- _What to work on_
Starting at the line that holds "Une semaine de", restate every line word for word up to and including the last one in the listing below, and omit all pictures.
+---+
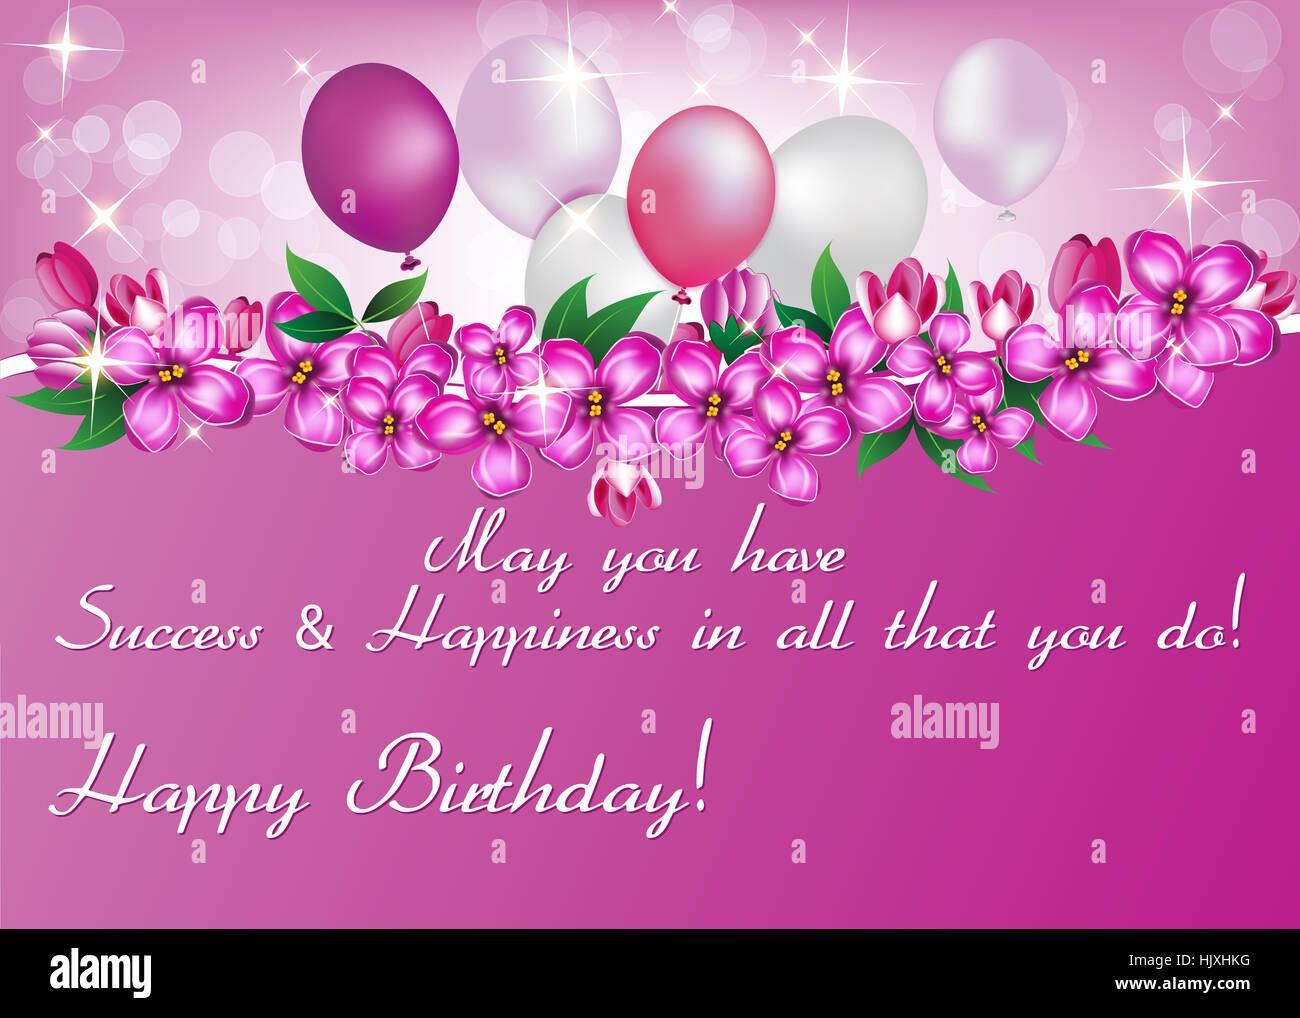 Happy Birthday Flowers And Balloons ~ Elegant birthday card also for print. happy birthday elegant stock
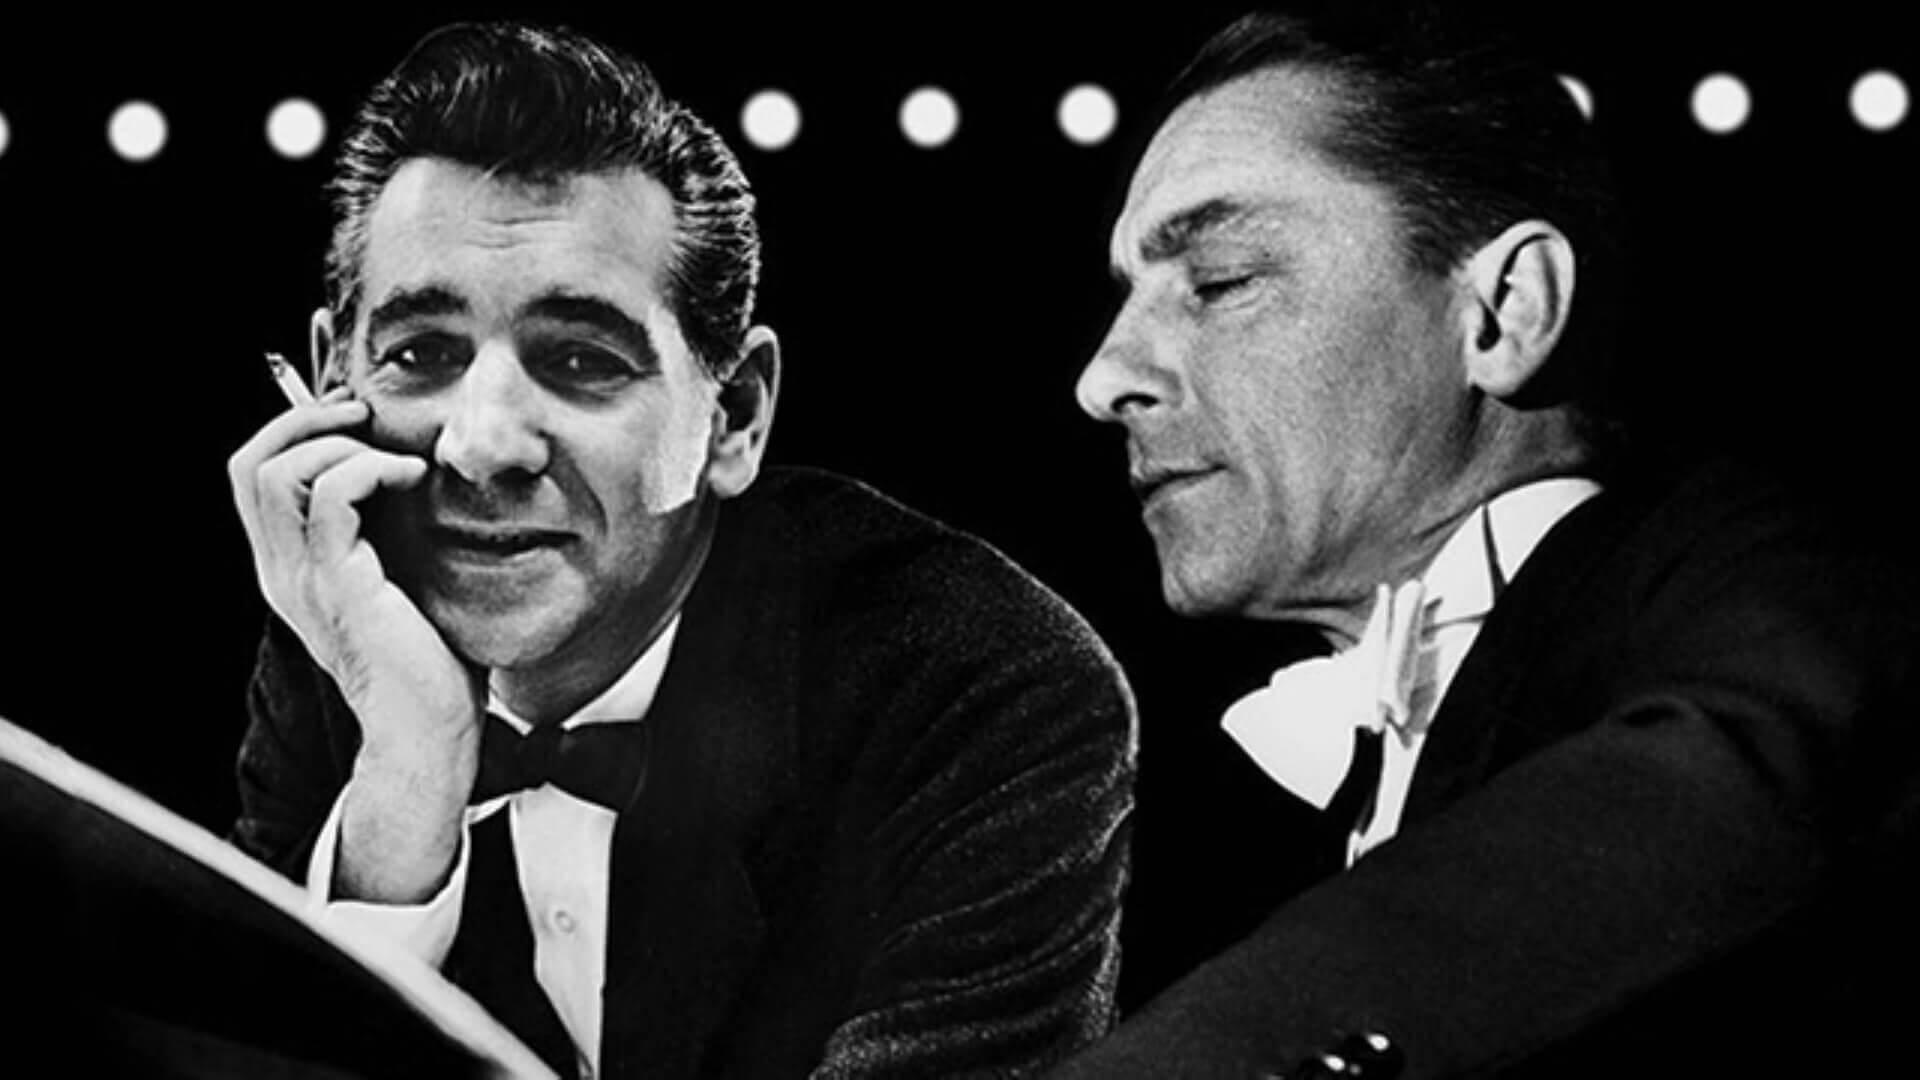 Karajan vs. Bernstein – Battle of Giants
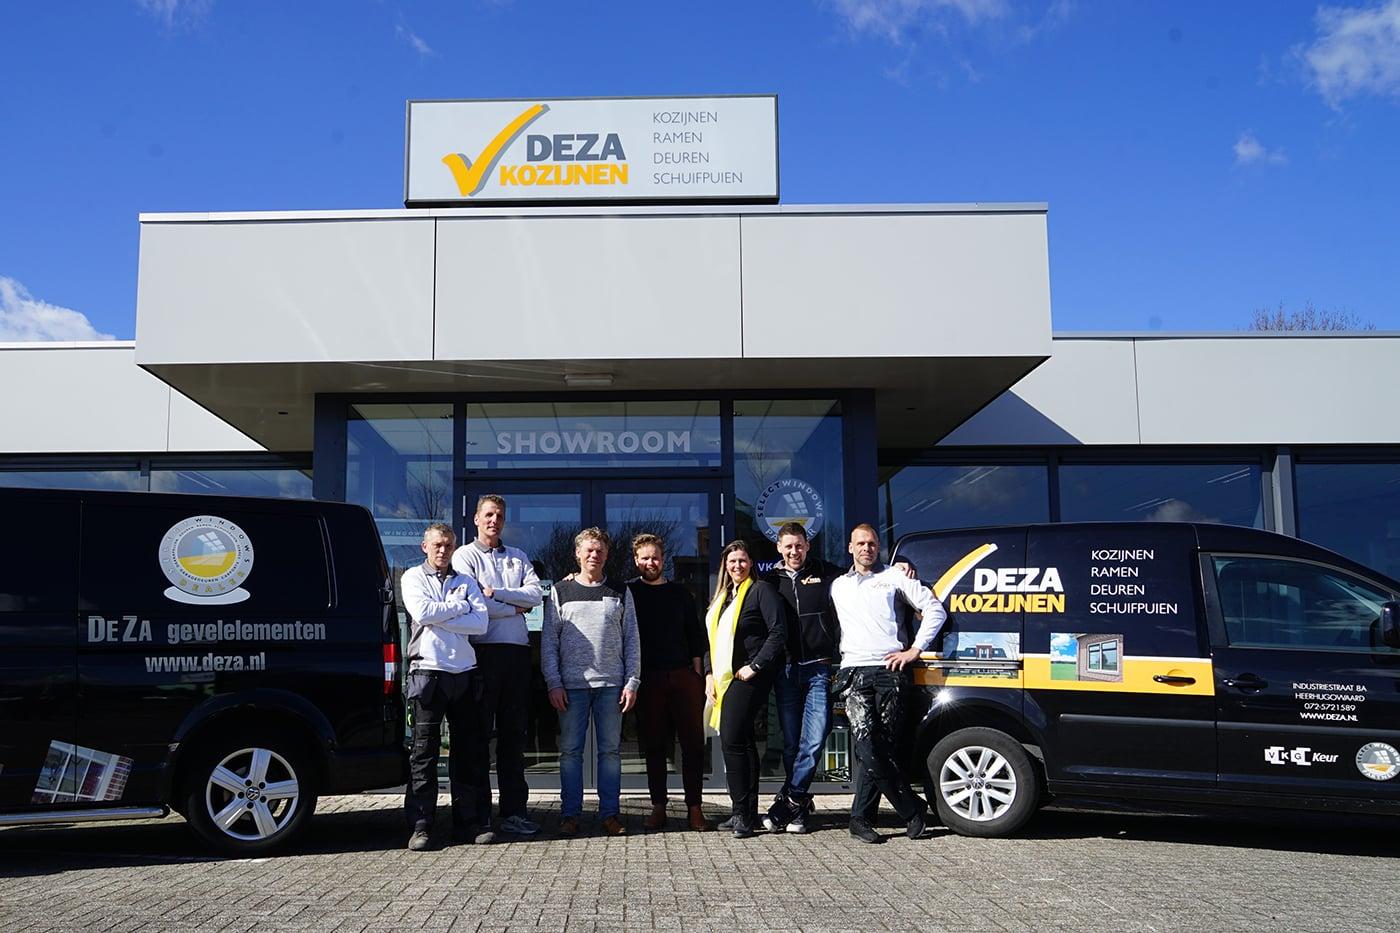 Deza kunststof kozijnen Heerhugowaard - team Deza
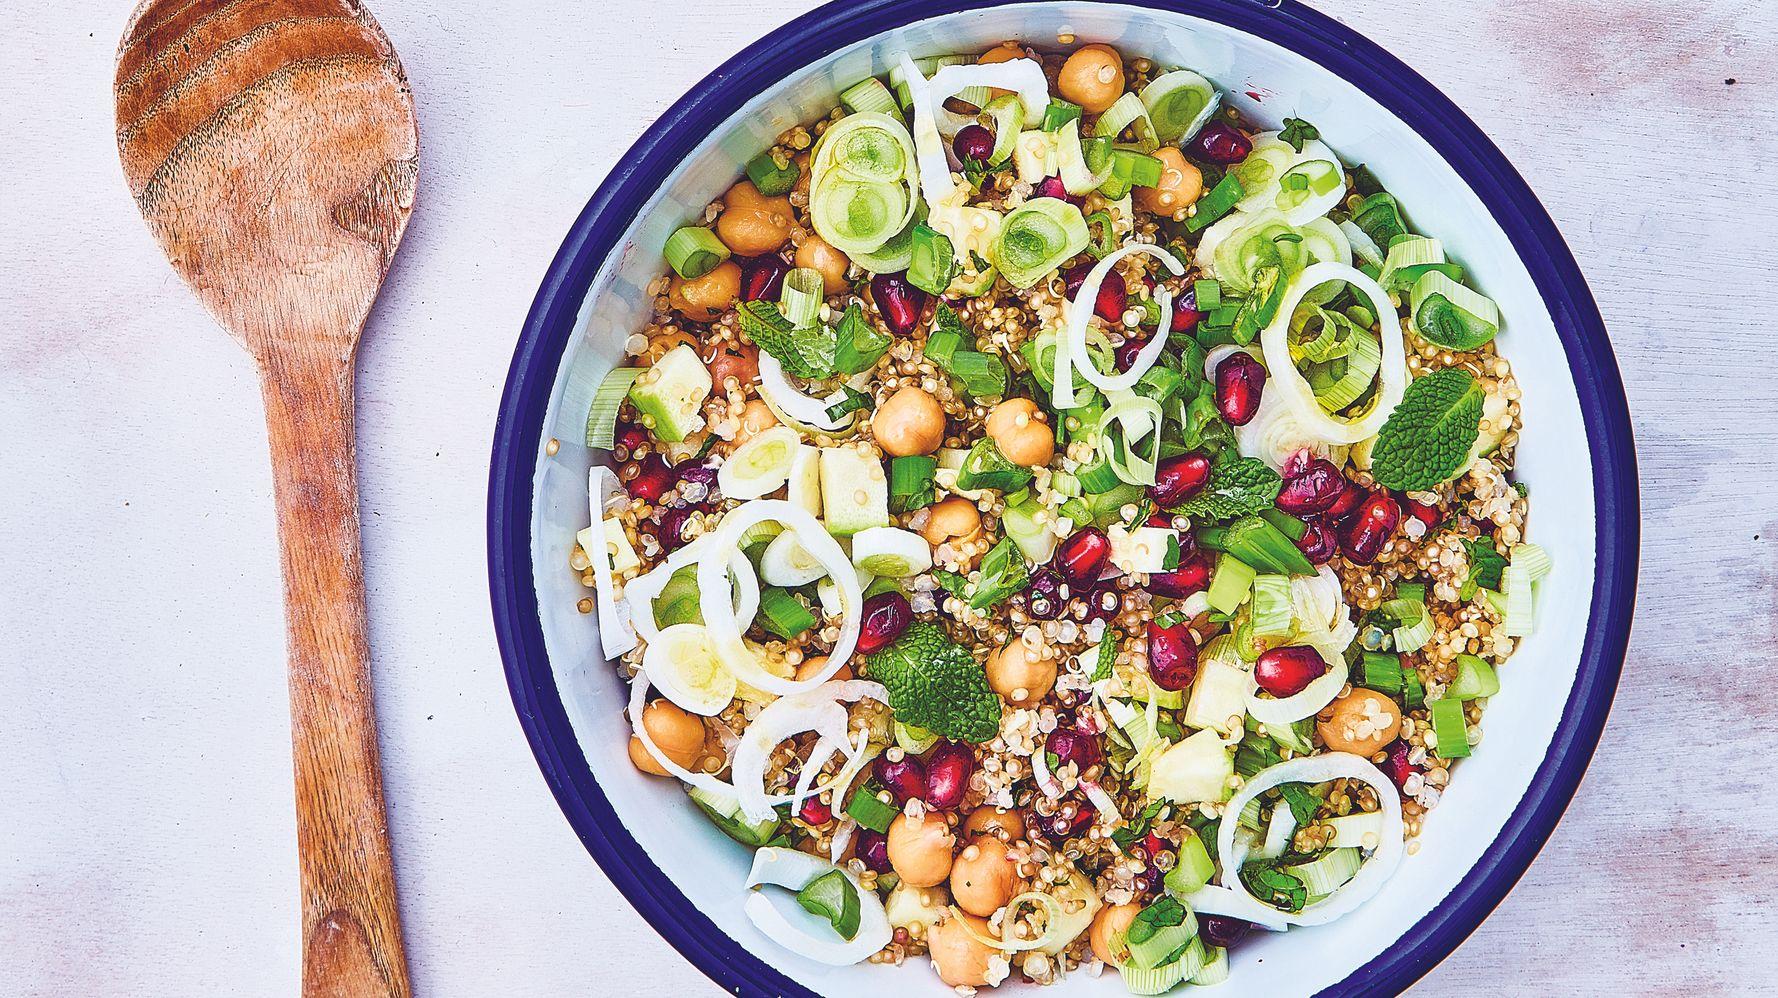 Une semaine de recettes de salades fraîches et colorées à apporter au bureau
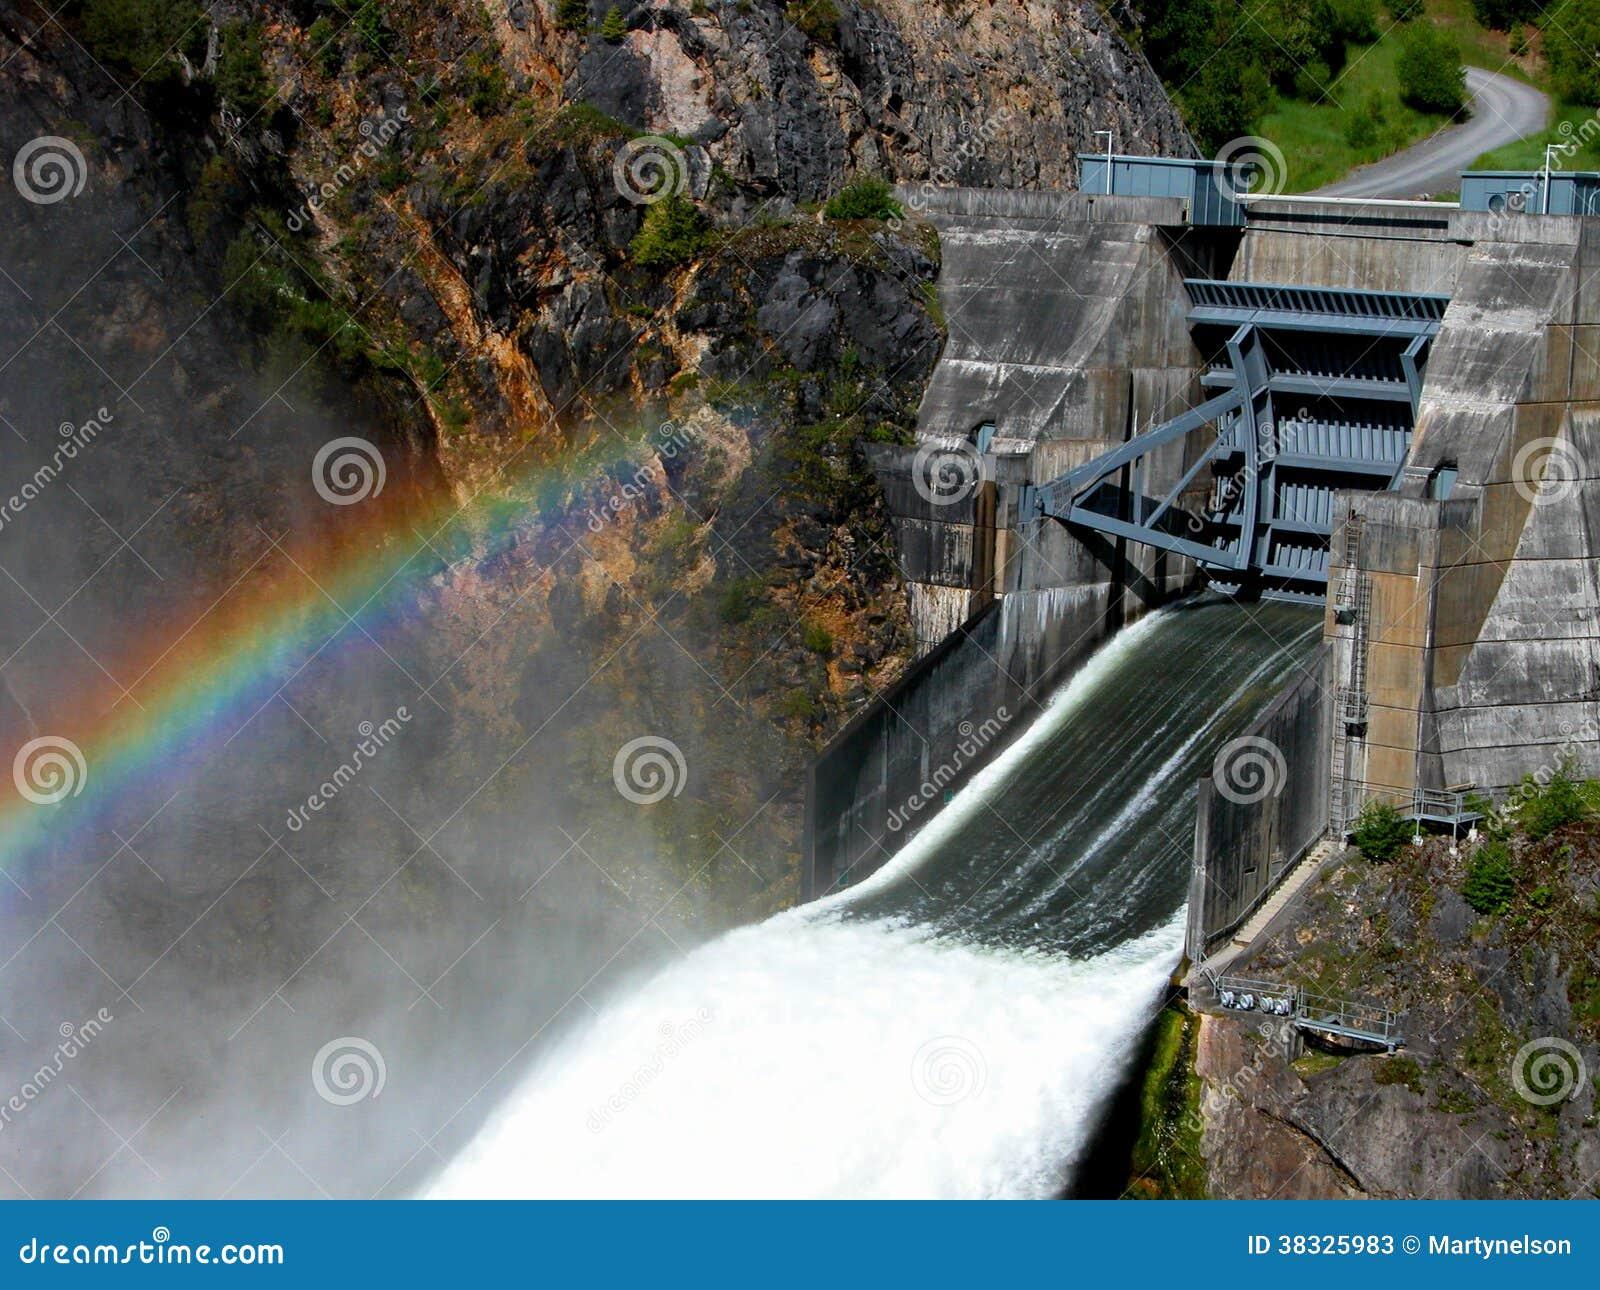 boundary dam spillway stock photo image 45306573
+---+
- _Solution to this problem_
 Une semaine de recettes de salades fraîches et colorées à apporter au bureau
 boundary dam spillway stock photo image 45306573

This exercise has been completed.